What is a Public Limited Company?

A public limited company is a   business organization that operates as a separate legal entity from its owners. It is operated by shareholders.

Shares of a public limited company are listed on the stock exchange and its shares are traded in the market publicly. Shareholders of a public limited company are limited to potentially losing only the amount they have invested in shares (face value).

Advantages of Public Limited Company:

Some advantages of a public limited company are given below;

  • Led by Board of Directors.
  • Limited Liability.
  • Number of Members.
  • Transferable shares.
  • Life Span.
  • Financial Privacy.
  • Large Capital.
  • Led by Board of Directors.
  • Public limited.

Examples of Public Limited Companies:

  • Aisha Steel.
  • Al-Ghazi Tractors.
  • Allied Bank Limited.
  • Amreli Steels.
  • Arif Habib Corporation.
  • Askari Bank.
  • At-Tahur.
  • Atlas Honda.

What is a Private Limited Company?

A private limited company is a small business, in which owners have liability to their shares. In this type of business, the number of shareholders is limited to 50, and shareholders can not trade their shares publicly.

Advantages of Private Limited Company:

Some advantages of holding a private limited company is :

1) Limited Liability

Limited Liability is that the financial liability of shareholders is limited to only their shares. Therefore, in case a private limited company faces a financial crisis, they would not risk losing their personal assets.

2) Restricted Trade of Shares

There is a restriction on the sale or transfer of shares. It is an advantage to some shareholders because shareholders who want to sell shares cannot sell them to outside buyers without consent. Shareholders must agree to the transfer of shares; therefore, the risk of competitors’ takeovers is low.

3) Continued existence

Continued existence is another advantage of a private limited company. If the owner dies or leaves the business it will still exist. Private limited companies are incorporated, which becomes an independent legal entity, meaning it is able to sue or own assets separate from the company owner.

4) Tax Breaks

Private limited companies also have tax advantages. For example, corporate taxes are lower than other types of businesses.

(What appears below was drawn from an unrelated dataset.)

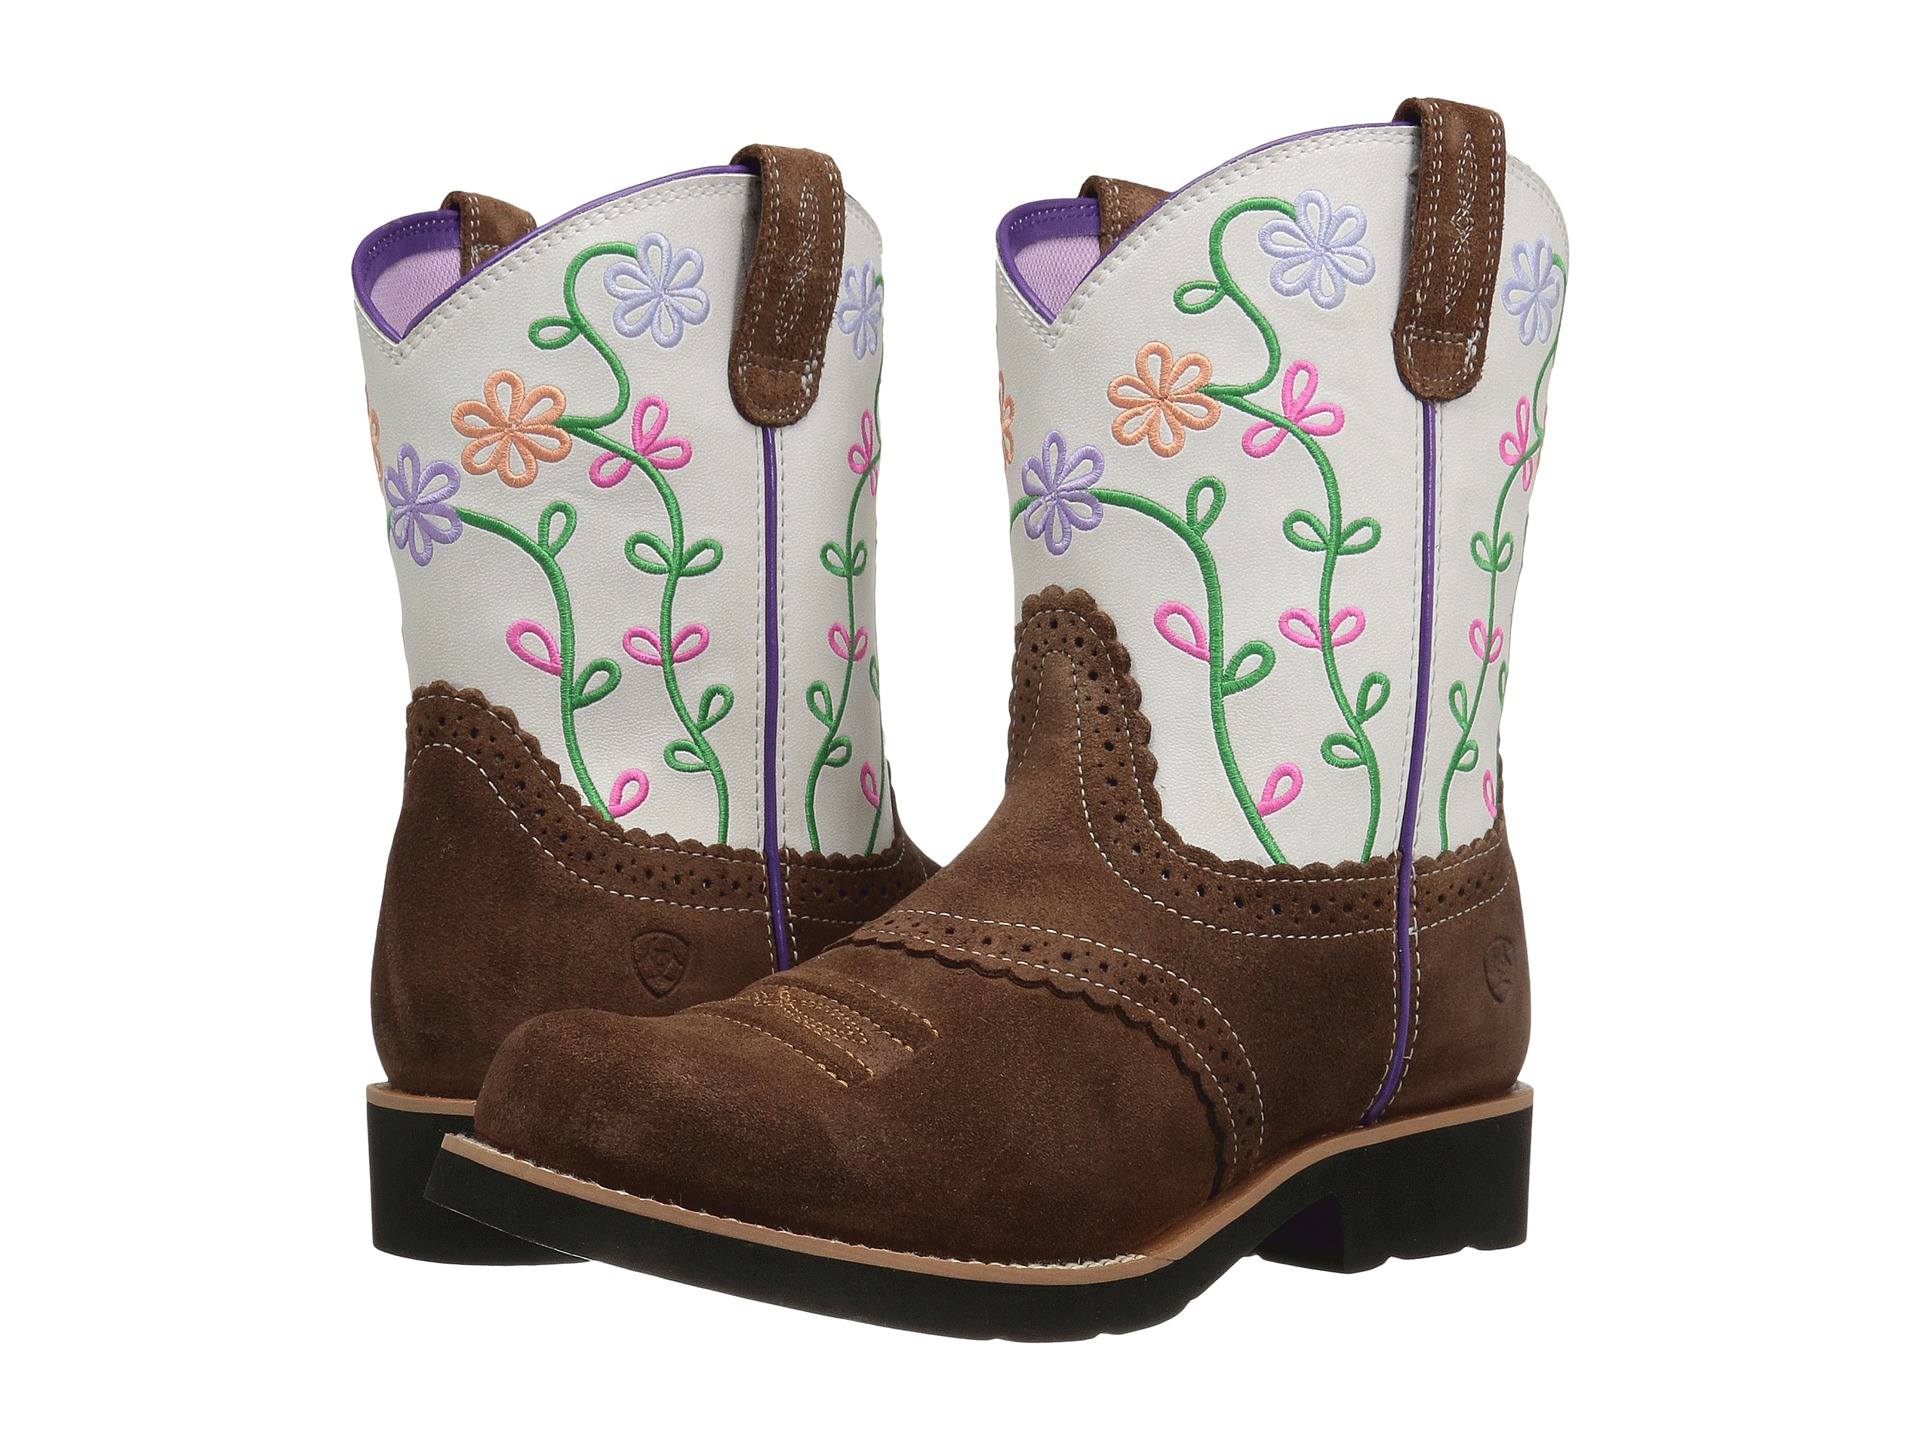 Ariat Kids, Boots, Cowboy Boots | Shipped Free at Zappos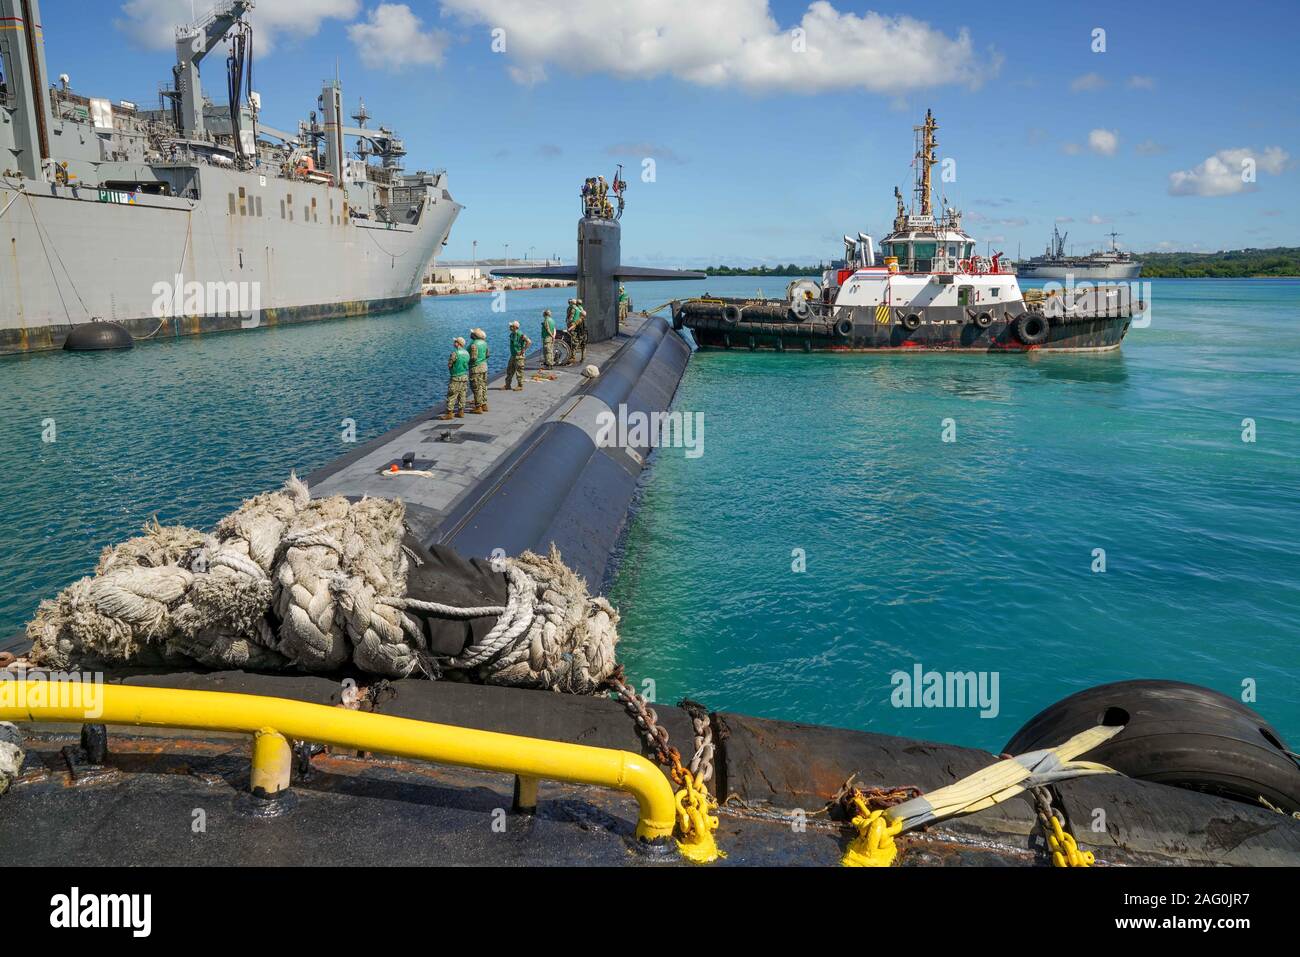 The U.S. Navy Los Angeles-class fast attack submarine USS Key West prepare to moor to the Lewis and Clark-class dry cargo and ammunition ship USNS Richard E. Byrd at Naval Base Guam December 10, 2019 in Santa Rita, Guam. Naval Base Guam is home to four Los Angeles-class attack submarines in the 7th Fleet and supports allied operations in Asia. Stock Photo

Examples of Private Limited Company:

  • COCA-COLA PAKISTAN LIMITED.
  • PAKISTAN PTA LIMITED .
  • GUL AHMED ENERGY LIMITED.

Collective Partnership:

Collaborative partnerships refer to agreements and actions taken by two or more organizations to share their resources, expertise, and knowledge to achieve a common goal. These partnerships involve a mutual agreement between the parties involved to share their capital resources, such as funding, staff, equipment, or technology, for a specific project or initiative.

The organizations involved in a collaborative partnership share the same or similar goals and objectives, and they work together towards achieving them. The primary aim of a collaborative partnership is to enable all parties to benefit from the shared resources and expertise, which would not have been possible individually.

In a collaborative partnership, each organization brings its unique strengths and expertise, which complement the others’ capabilities. This way, the partners can leverage each other’s strengths, mitigate their weaknesses, and achieve their common goals more efficiently and effectively. Overall, collaborative partnerships help organizations to pool their resources and efforts to achieve greater impact and outcomes than they could have done alone.

Corporation:

A corporation is a type of business that is separate from its owners, with its own legal rights and responsibilities. It can enter into contracts, borrow money, sue and be sued, hire employees, and pay taxes. Shareholders enjoy limited liability protection, and the corporation can raise funds by issuing shares of stock to investors. However, corporations have increased regulation and formalities, double taxation of profits, and higher start-up costs.